Courtesy of Resident Advisor, this feature is possibly the equivalent of a mid-90's interview with Eric Clapton about the proper use of guitars in rock. Lamentations about the sorry state of affairs these days? Check. Schooling the young whippersnappers about how things are supposed to be done? Yes to that too. It's a sobering thought to consider that techno has been around long enough to produce its share of surly older statesmen just like rock and roll did.

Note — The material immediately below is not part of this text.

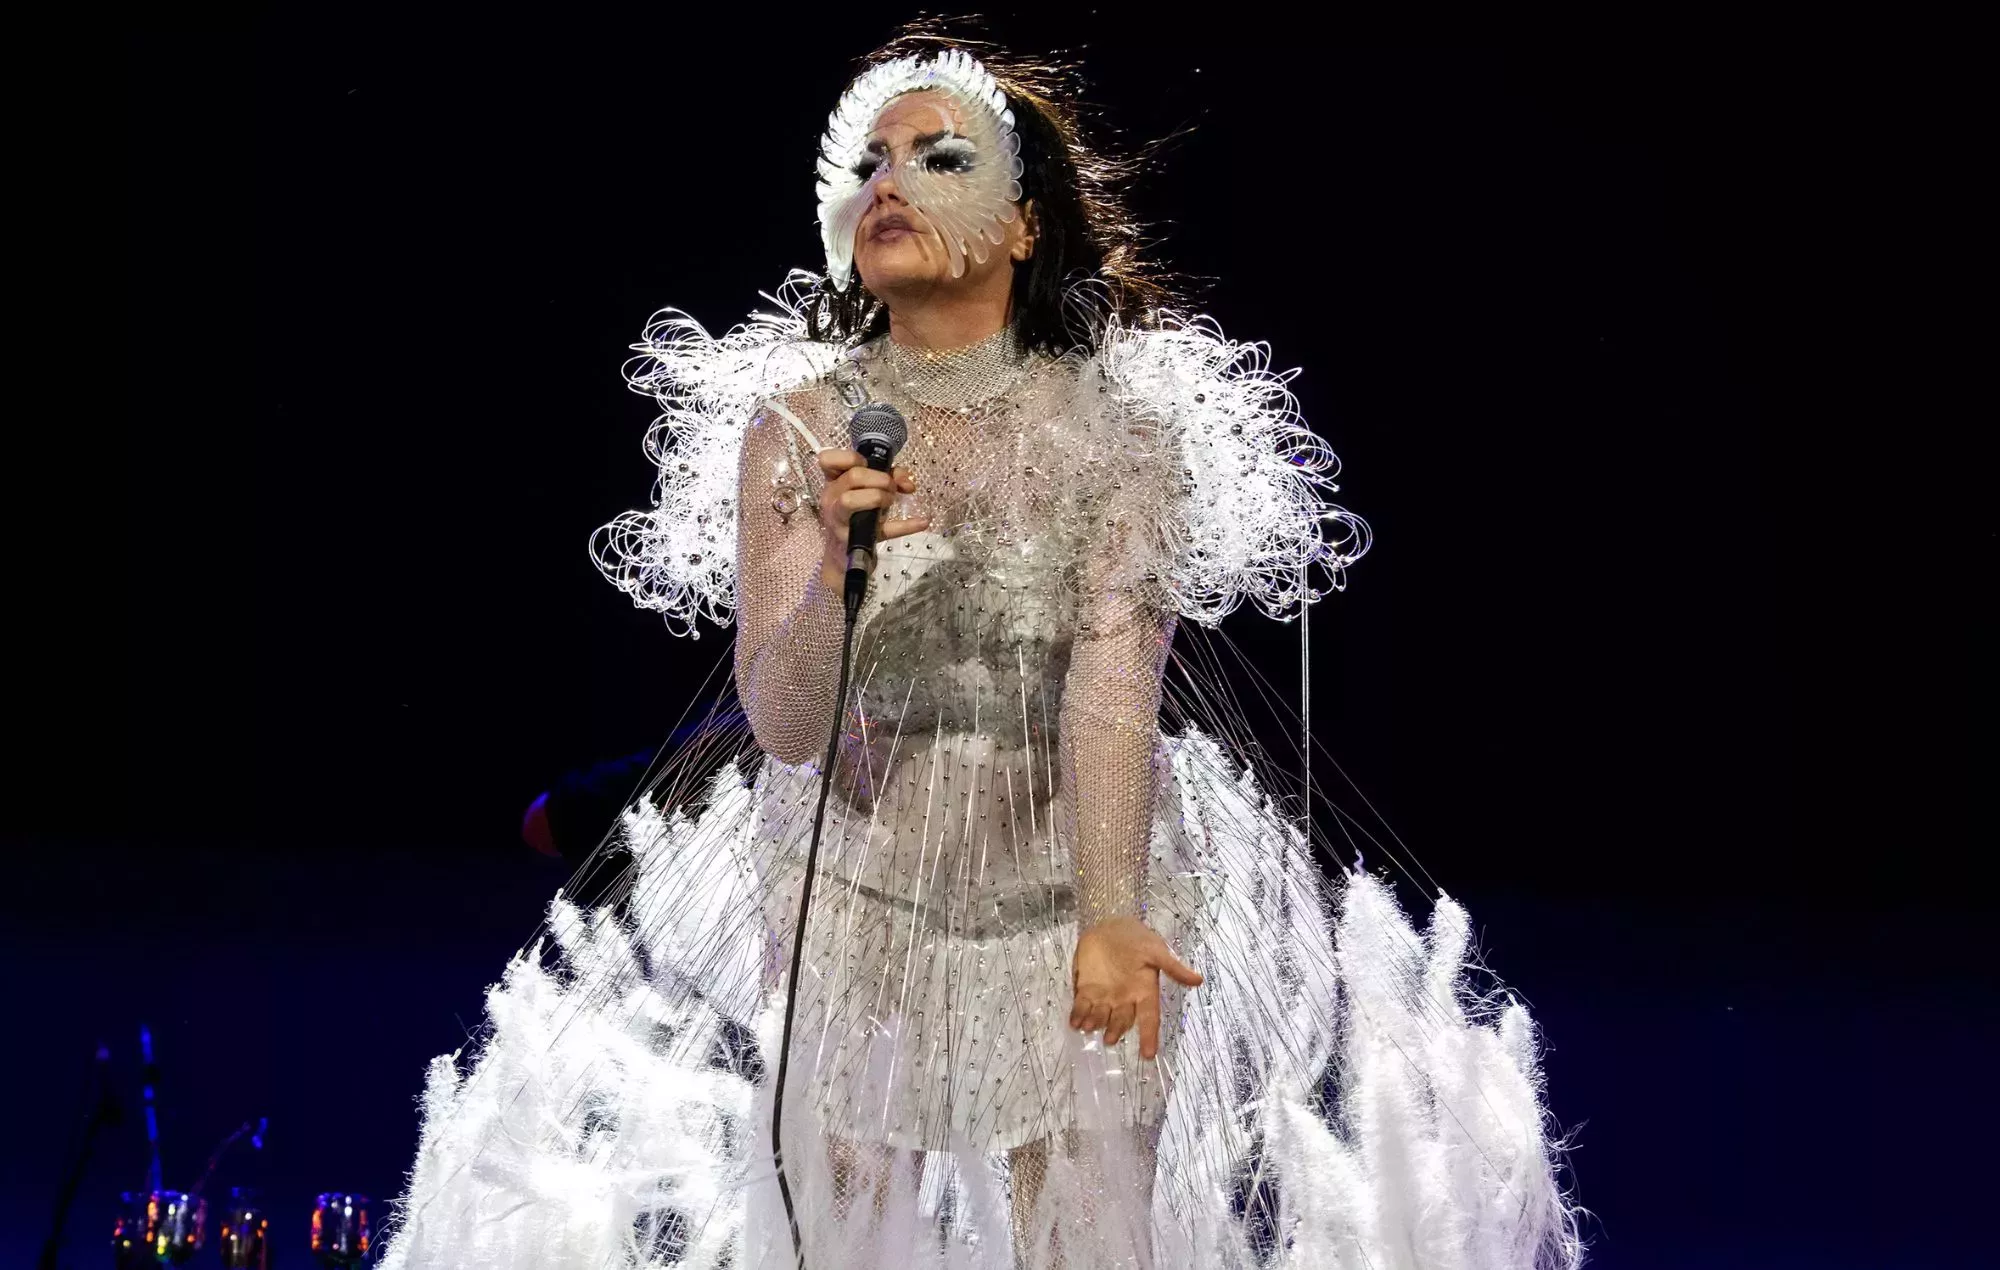 Björk gana el premio AIM al mejor intérprete en directo, tras conocerse las nominaciones finales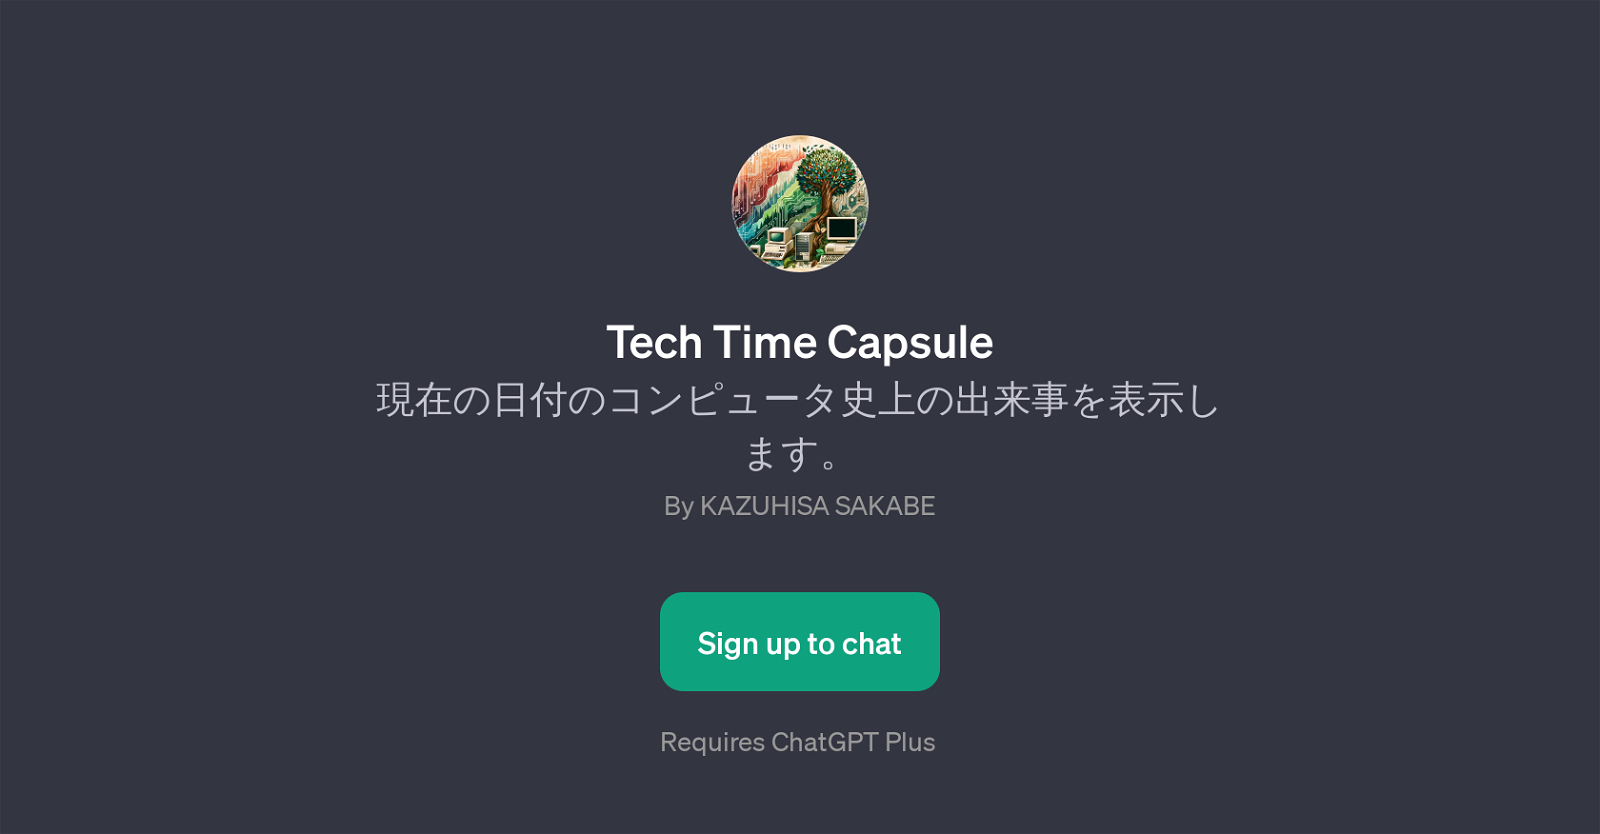 Tech Time Capsule website

Nevertheless, Mills is essentially a god and reading this interview firmly established (as if there was really any doubt) that he is on another level completely. He can detect details in music that would go unnoticed by any ordinary person, and can react and process these details in real time, while DJing. Two or three minutes to make the subtraction, i.e. to remove a track from the mix completely? I know the concept and I strive to do the same with some of my mixes. But cueing three tracks simultaneously, intentionally lagging the beats, and rephasing them in just the right way to build the excitement for the listener? How do you do that without having it all devolve into, to cop a phrase Mills uses, "a herd of horses"? Mills can hear differences in calibration between three identical CDJ's, including the effect of room temperature and humidity. The man simply understands his craft better than most of us will ever understand anything in our lives. Learning to DJ in Detroit must have been like boot camp, where only the strongest and most talented could survive, and anyone who did was more disciplined than the best DJs from virtually any other place (he talks a bit about this too). I can't do the interview justice, and literally the entire thing is quotable, you just have to read it.
My favourite bit actually might have been the part where Mills used to leave records in his crate that he had no intention of playing. He'd leave a James Brown record in there not to play it, but as a reminder to keep his set funky. Brilliant. Or maybe the part about focusing on the last quarter of the track in his mixes, because that's where the track best comes together, where the real groove can be found. I really must try my hand at that in a future mix.